Running the simulations; Reporting the results
Now that I have the pool of virtual instances at my disposal, I can use them to run the SDM simulations, time their execution, and report back to the central database. There are typically between 160 and 400 simulations to be done for every computing configuration (cores & memory), so on each node is an inner loop that looks like this:
- Startup script installs git, mysql, and R. Git clones the most recent version of the project repository which has all of the files needed for the computation. R starts execution of the timeSDM.R script which controls the flow of execution for this node.
- RScript queries the central database to ask “I am a compute of x cores and y GB memory, what experiments can I do?”.
- The database responds with a single JSON row that contains all of the necessary parameters to actually run the SDM simulation (spatial resolution, taxon, number of training examples, etc).
- RSCript parses the response and loads the correct set of variables, then runs the SDM model.
- Fit the model (fitTime)
- Project the model to AD 2100 (predictTime)
- Evaluate accuracy (accuracyTime)
- Return overall time, fitTime, predictTime, accuracyTime, and several measures of accuracy
- RScript reports results back to the database.
- Repeat until no experiments that are not “DONE” remain to be completed by a computer of this number cores and amount of memory.
If an instance gets shut down due to preemption (or my incompetence) a shutdown script will be fired. This script records in the database that the experiment was cut off (INTERRUPTED) at some point before successful completion, and that it should be completed again in the future.
Managing virtual infrastructure
Because Google charges you by the minute as you use their servers, and because I have to do a lot of different experiments and don’t have that much time do them, it is ideal to automatically tear down the servers and start a new pool as soon as one computing configuration has finished. So, while the computing nodes are doing their computing thing, the MasterNode is doing this:
- Repeated polling every 30 seconds:
- MasterNode used the API to ask the database “What percentage of the experiments in this group have been completed?”
- The database responds with a percentage (“DONE” / total)
- If the percentage is 100%, everything has been completed, so MasterNode will use
gcloudto delete the individual server instances, the instance group pool the they are part of, and the template used to create the instances. After this, only the Master Compute Node server with the database on it still remains in my pool of Google resources.
- Repeat. Configure and build a new pool of instances for the next memory/cores combination.

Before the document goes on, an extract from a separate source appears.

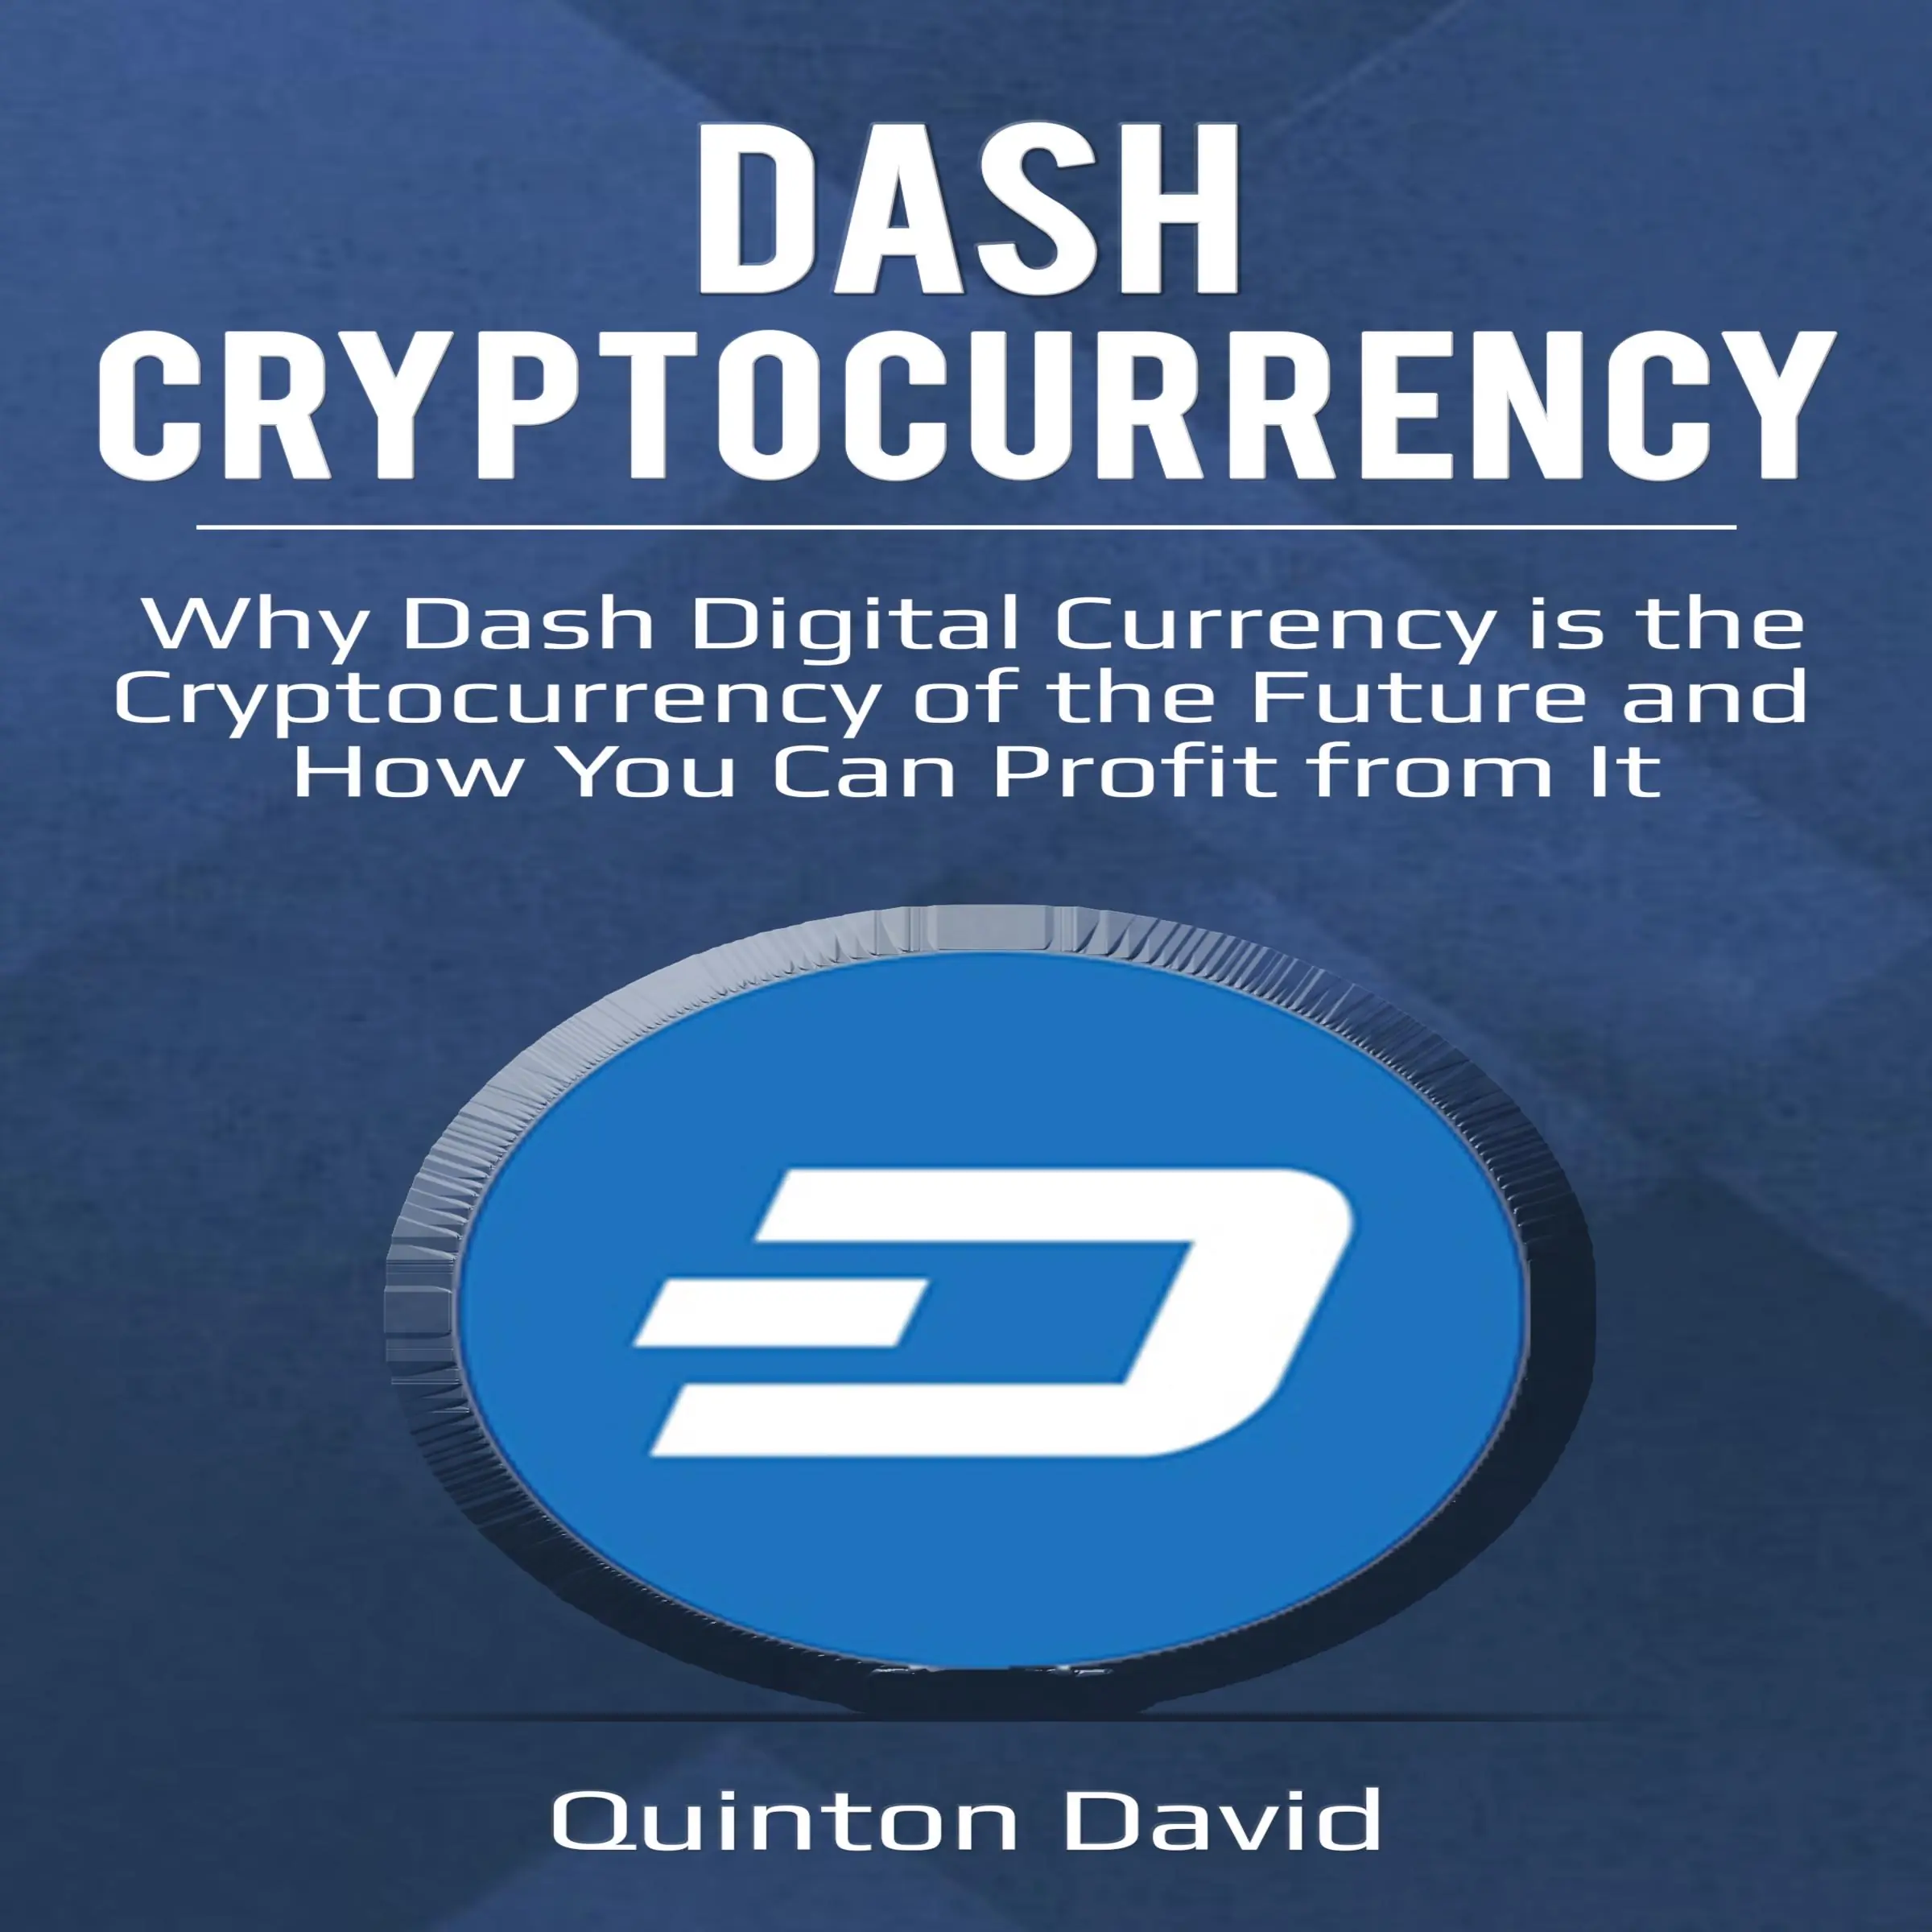 Dash Cryptocurrency: Why Dash Digital Currency is the Cryptocurrency of the Future and How You Can Profit from It by Quinton David Audiobook

This method so far works pretty well. Sometimes, the shutdown scripts don’t actually fire (there are known bugs), and so I have one or two experiments that are continuously marked as “STARTED”. This is a problem for the MasterNode, because the database will continuously report something link 99.75% complete, but will never reach 100%. When this happens, I need to go in and manually mark the session as closed and the experiments as INTERRUPTED, and then the normal flow of execution can continue. So I have to remain watchful, but I don’t have to do everything.